Protein analysis. Proteins were separated by electrophoresis on 15% sodium dodecyl sulfate (SDS)-polyacrylamide gels and stained with Coomassie brilliant blue. For immunoblotting, proteins were transferred to polyvinylidene difluoride membranes (Millipore) and probed with antisera as previously described (11).

Digitonin fractionation assay. HeLa cells were grown in Dulbecco modified Eagle medium (GIBCO) supplemented with 10% fetal bovine serum and 2 mM glutamine at 37°C in the presence of 5% CO₂. Overnight Y. pestis cultures in HIB were grown at 26°C. The following day, cultures were diluted 1:20 into fresh HIB containing 2.5 mM CaCl₂ with an appropriate antibiotic and were grown at 26°C for 2 h. One hour prior to infection, 90% confluent HeLa cells were washed two times with phosphate-buffered saline (PBS) and 10 ml of Dulbecco modified Eagle medium (GIBCO). HeLa cells were infected with the Yersinia strains indicated below at a multiplicity of infection of 10. Three hours following infection, the tissue culture medium was decanted and centrifuged at 15,000 rpm for 15 min. Proteins in 10 ml of the supernatant were precipitated with trichloroacetic acid, and the rest of the supernatant was discarded. The pellets were suspended in 10 ml of 1% SDS in PBS, and 10 ml of the pellet fraction was precipitated with trichloroacetic acid. Digitonin (1% in PBS) was added to the tissue culture cells and their attached bacteria and incubated for 20 min at room temperature to disrupt HeLa cell plasma membranes. Following HeLa cell disruption, cell remnants were detached from the flasks using a cell scraper, digitonin lysates were centrifuged, and proteins in the supernatant and pellet were processed as described above (33). Samples were separated on 15% SDS-polyacrylamide gels, transferred to polyvinylidene difluoride membranes, and immunoblotted.

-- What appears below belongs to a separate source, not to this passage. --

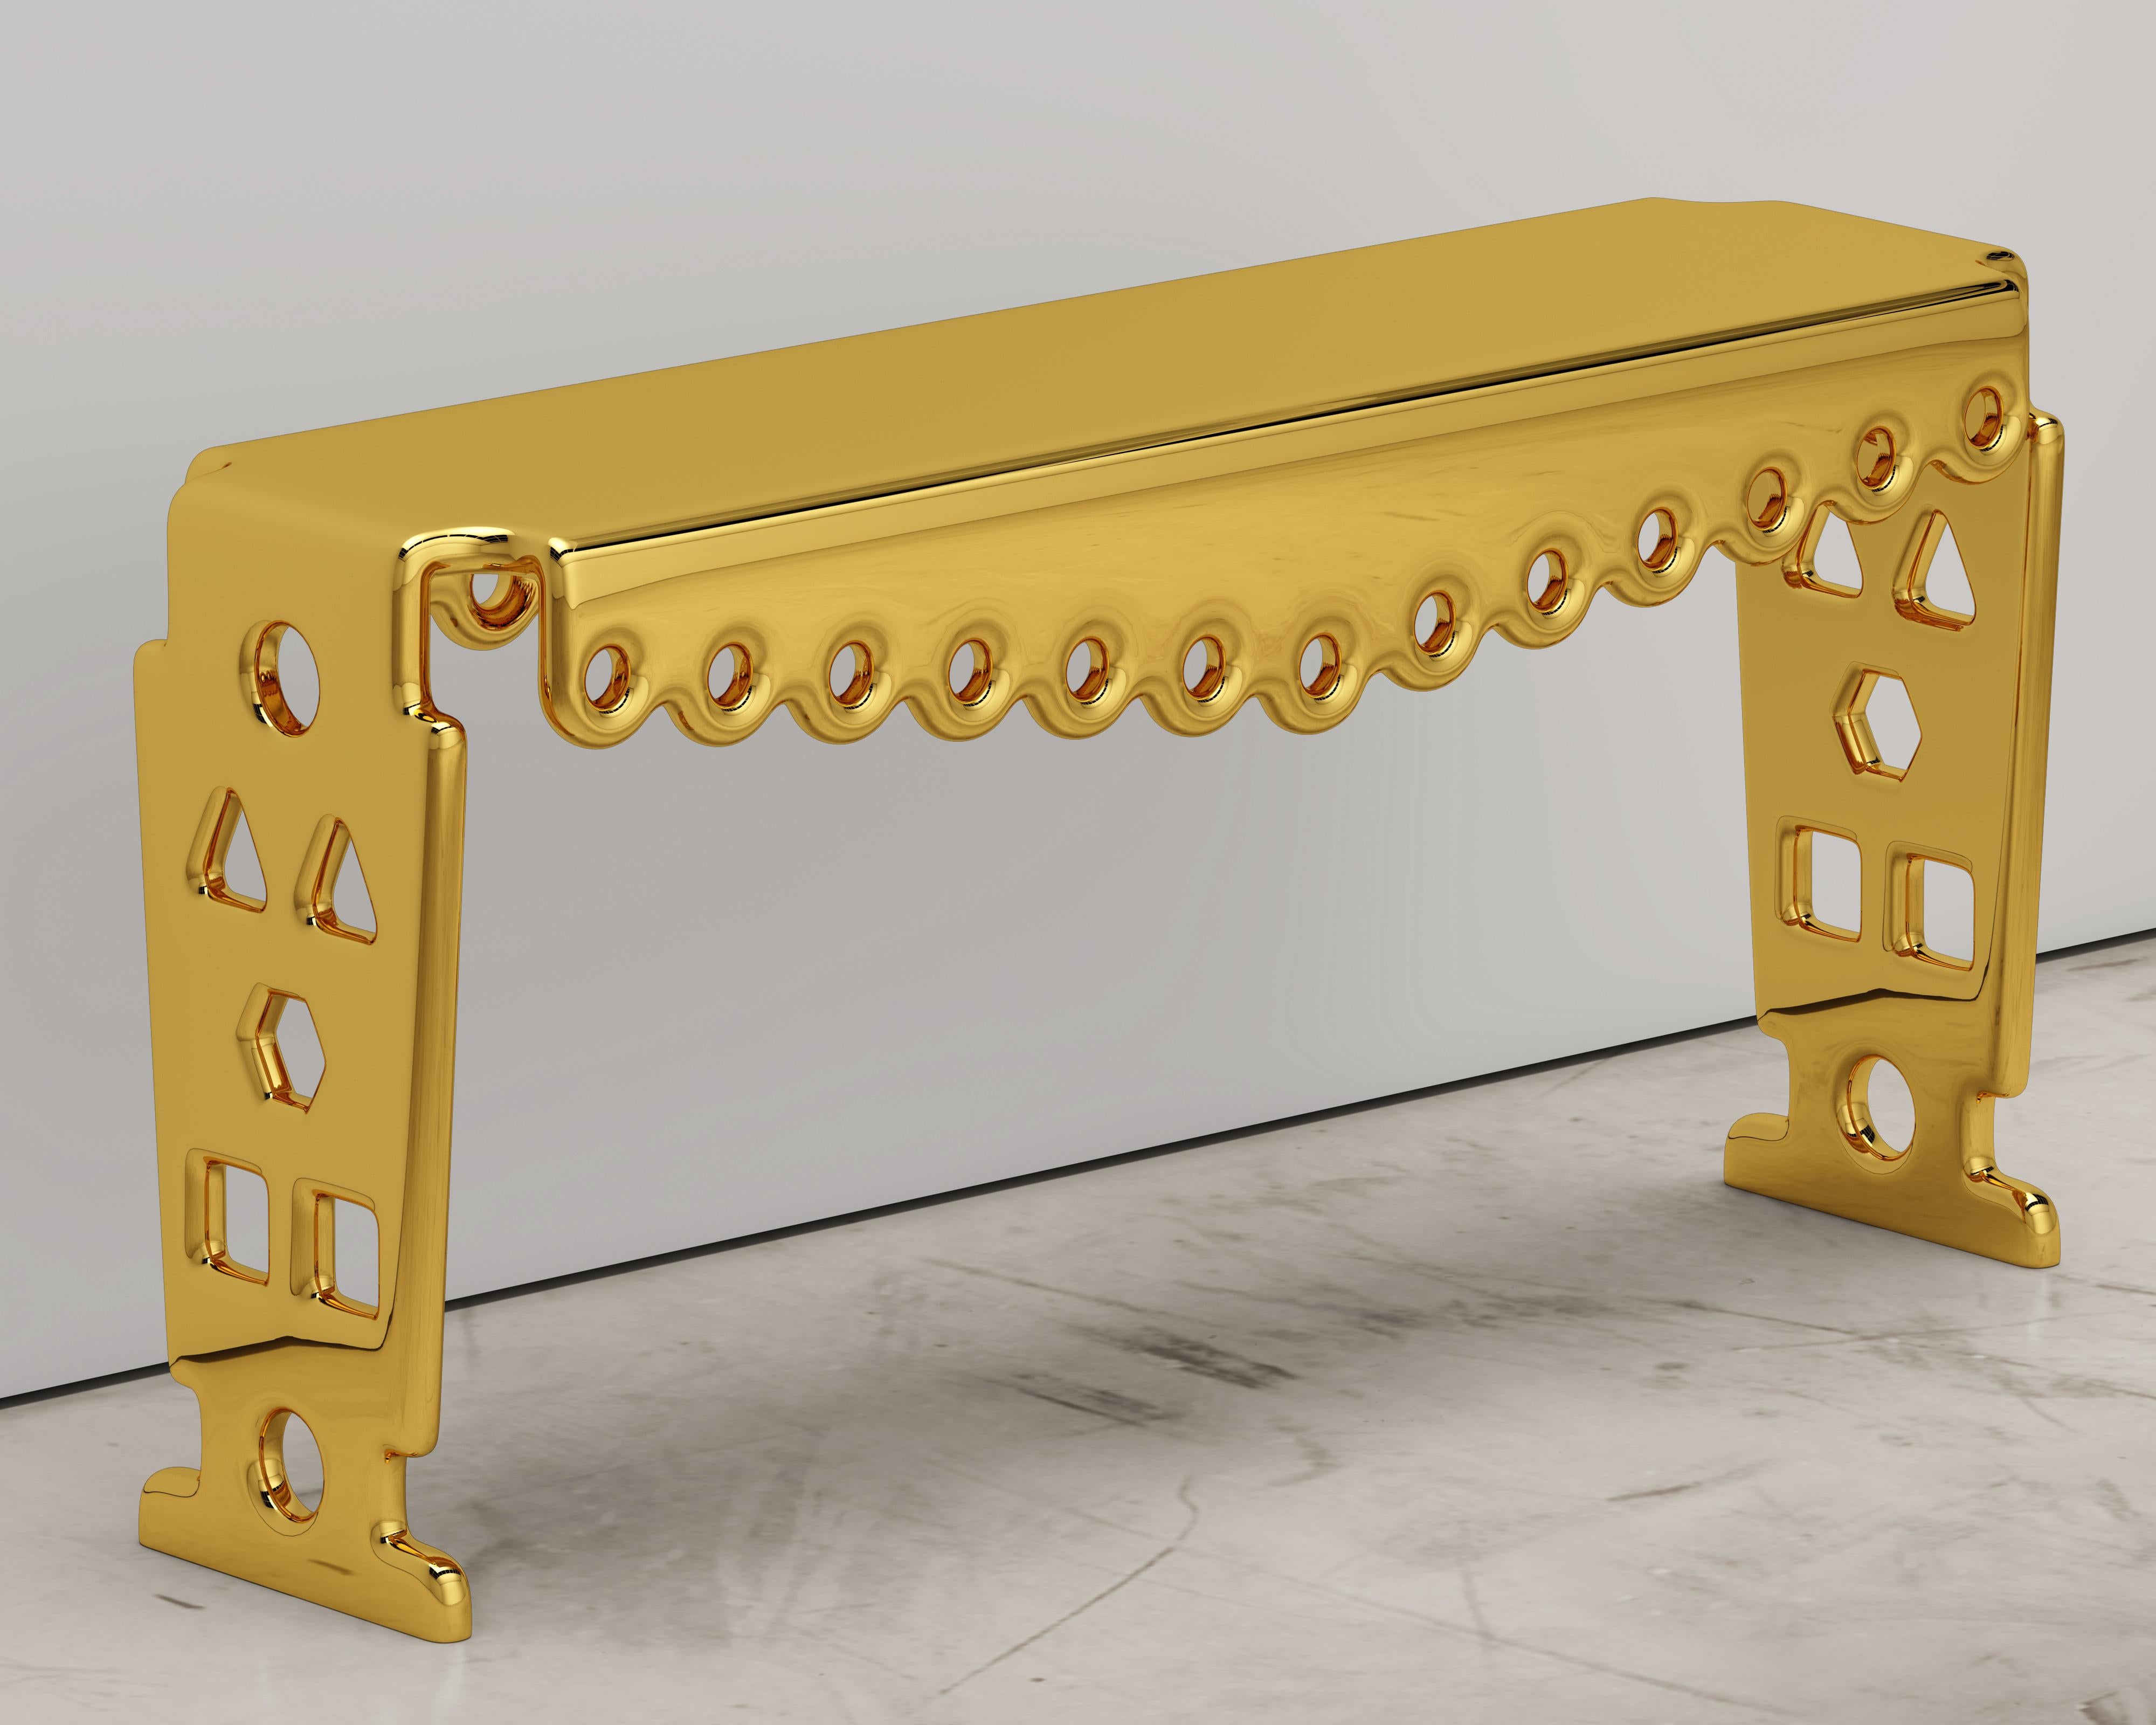 Contemporary console with mirror polished brass finish. You can see the past and present in the scale and proportions of the work, mixing classical form with today's modern style. Entirely made out of solid sheet metal and sculpted into shape by

Cytotoxicity assay. HeLa cell tissue cultures (2 x 10⁵ cells) were grown in 12-well tissue culture plates with OptiMEM. Six hours prior to infection, overnight Yersinia cultures were diluted 1:20 into fresh HIB containing 5 mM CaCl₂ with an appropriate antibiotic. The cultures were grown at 26°C for 1 h and then shifted to 37°C for 5 h. HeLa cells were infected with Y. pestis, which had been premixed for 25 min at room temperature with 500 µg MAb F1-04-A-G1 (USAMRIID) or a similar volume of 1x PBS, at a multiplicity of infection of 10 and incubated for 3 h at 37°C in the presence of 5% CO₂. Cells were washed with PBS and fixed with 3.7% formaldehyde for 20 min. Fixation was quenched with 0.1 M glycine in PBS for 5 min. Cells were permeabilized with 0.1% Triton X-100 in PBS for 30 min at 4°C. Cells were washed and blocked for 15 min with PBS containing 0.05% Tween 20 and for 24 h with 5% skim milk. Actin filaments were labeled with 99 nM (3 U) of rhodamine-phalloidin (Flexa) for 20 min at room temperature. The labeling solution was removed, and each well was washed with PBS. Cells were visualized with a Nikon TE-2000-U inverted microscope. Rhodamine visualization was achieved using excitation at 591 nm and emission at 608 nm. Images were captured with a Cascade 1K charge-coupled device camera.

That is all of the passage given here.